Figure 8. Luciferase reporter assay determined the site on the 1B promoter region responsible for regulation of the isoform after RA removal.

Figure 8

(A) Diagrammatic representation of 5′-isoforms of DMT1. The Figure shows two alternative start sites of transcription (1A and 1B) with their respective 5′-flanking regions (indicated ‘Pr’). The analysis of that region showed probable binding sites for NF-κB and Sp1. (B) Luciferase reporter assay showing decrease in relative luciferase activity a day after removal of RA when WT promoter (WT-day 4 versus WT-day 5) and 3′-end of the promoter [Prom (−504)-day 4 versus Prom (−504)-day 5] was used. The results are shown as relative luciferase activity (RLU) normalized to β-galactosidase (b-gal) activity. Results are means±S.D. for three separate experiments. A graphical representation of the transfected plasmid is shown. (C) Luciferase reporter assay showing lack of RA removal response when promoter with NF-κB mutation (NFm-day 4 versus NFm-day 5) was used. The response was preserved when promoter with Sp1 mutation (Sp1m-day 4 versus Sp1m-day 5) was used.
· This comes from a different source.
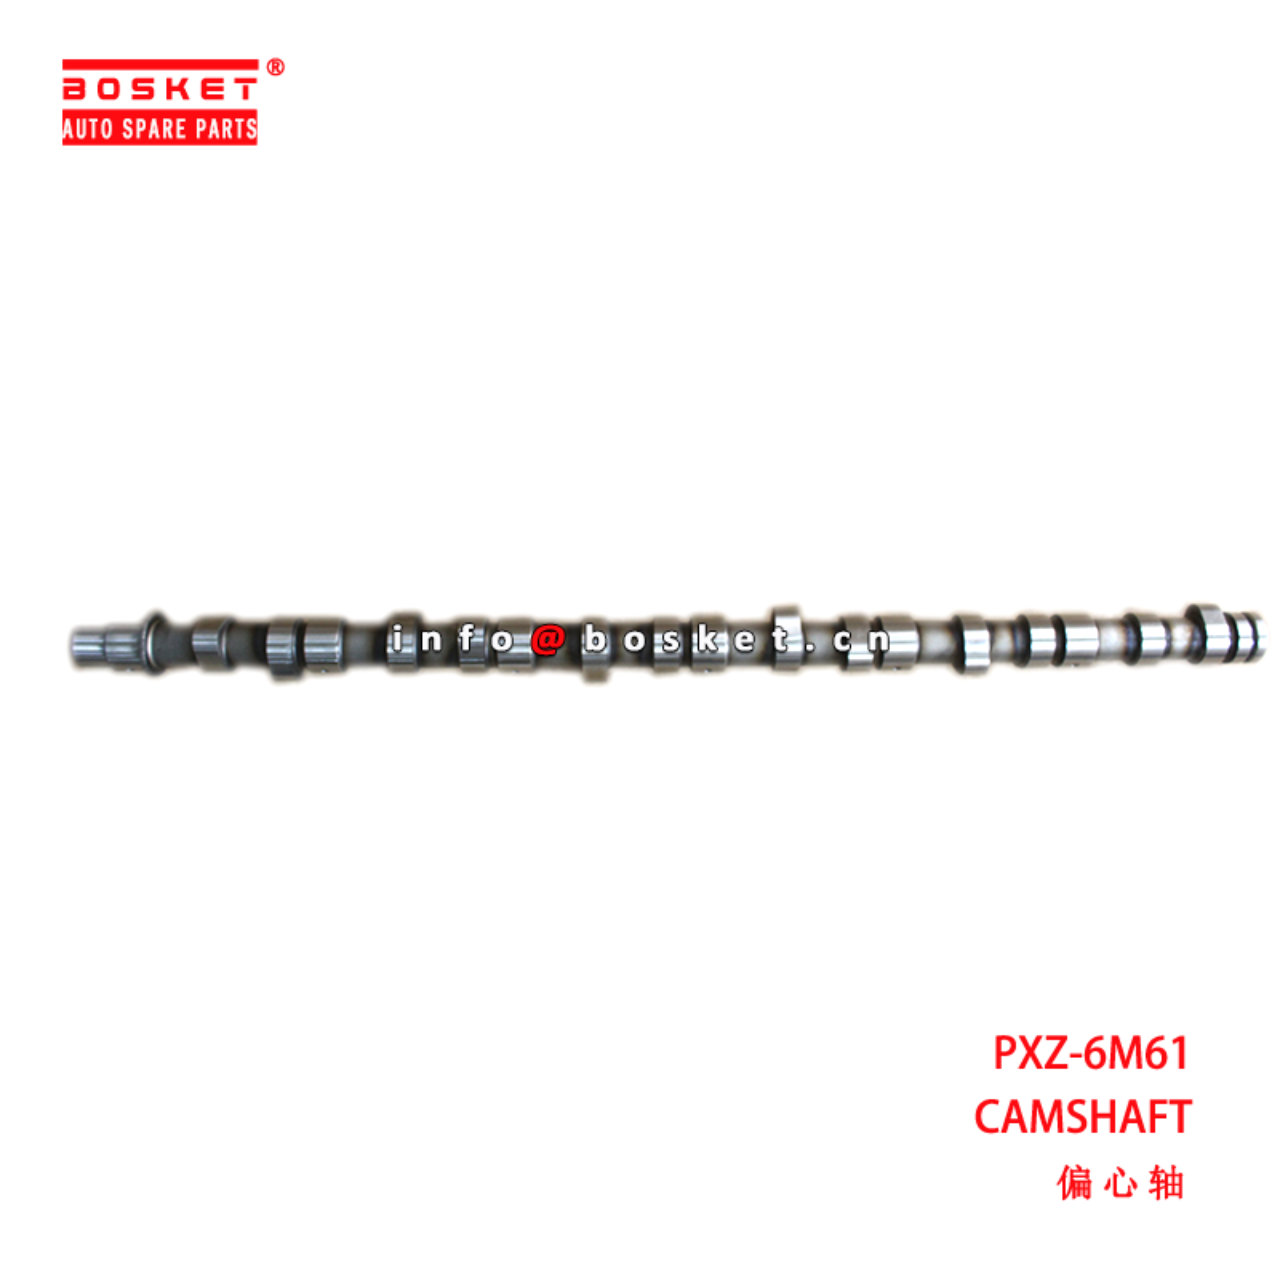 PXZ-6M61 Camshaft suitable for ISUZU  6M61 PXZ-6M6...
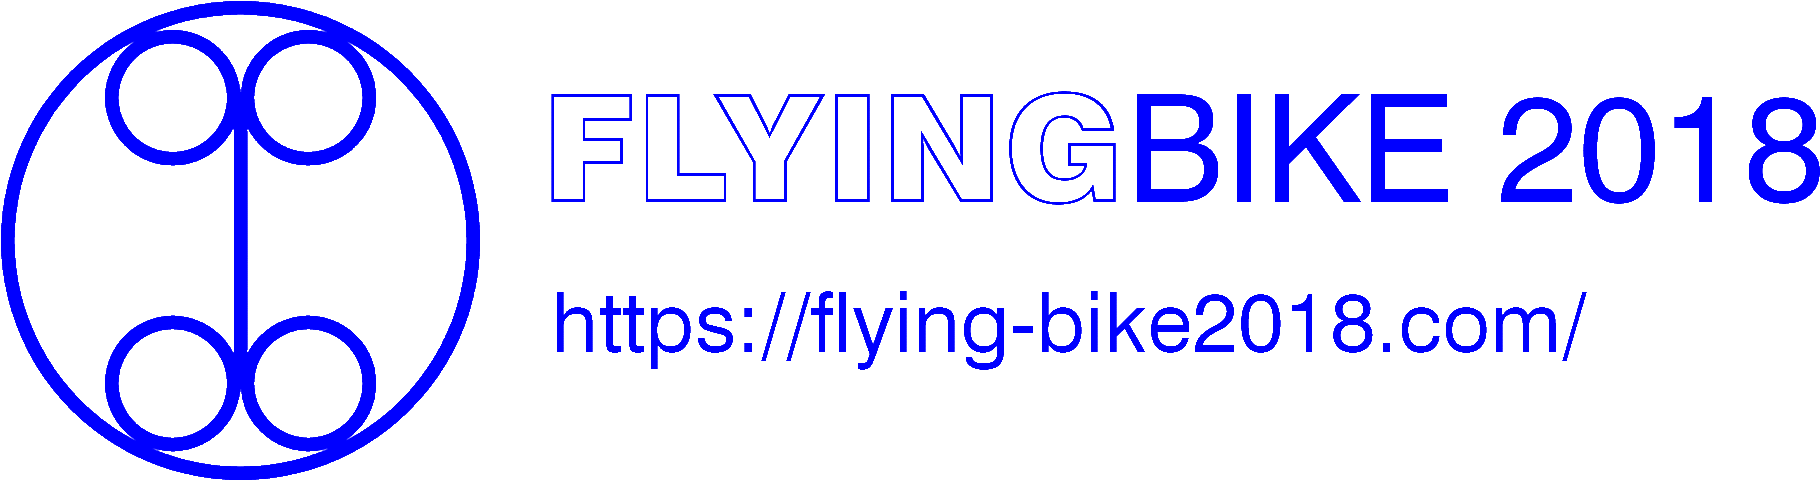 FlyingBike2018

As a control, luciferase activity was measured in cells transfected with pGL3-control plasmid, which showed no change after RA removal (pGL3c-day 4 versus pGL3-day 5). The results are shown as relative luciferase activity (RLU) normalized to β-galactosidase (b-gal) activity. Results are means±S.D. for three separate experiments. A graphical representation of the transfected plasmid is shown.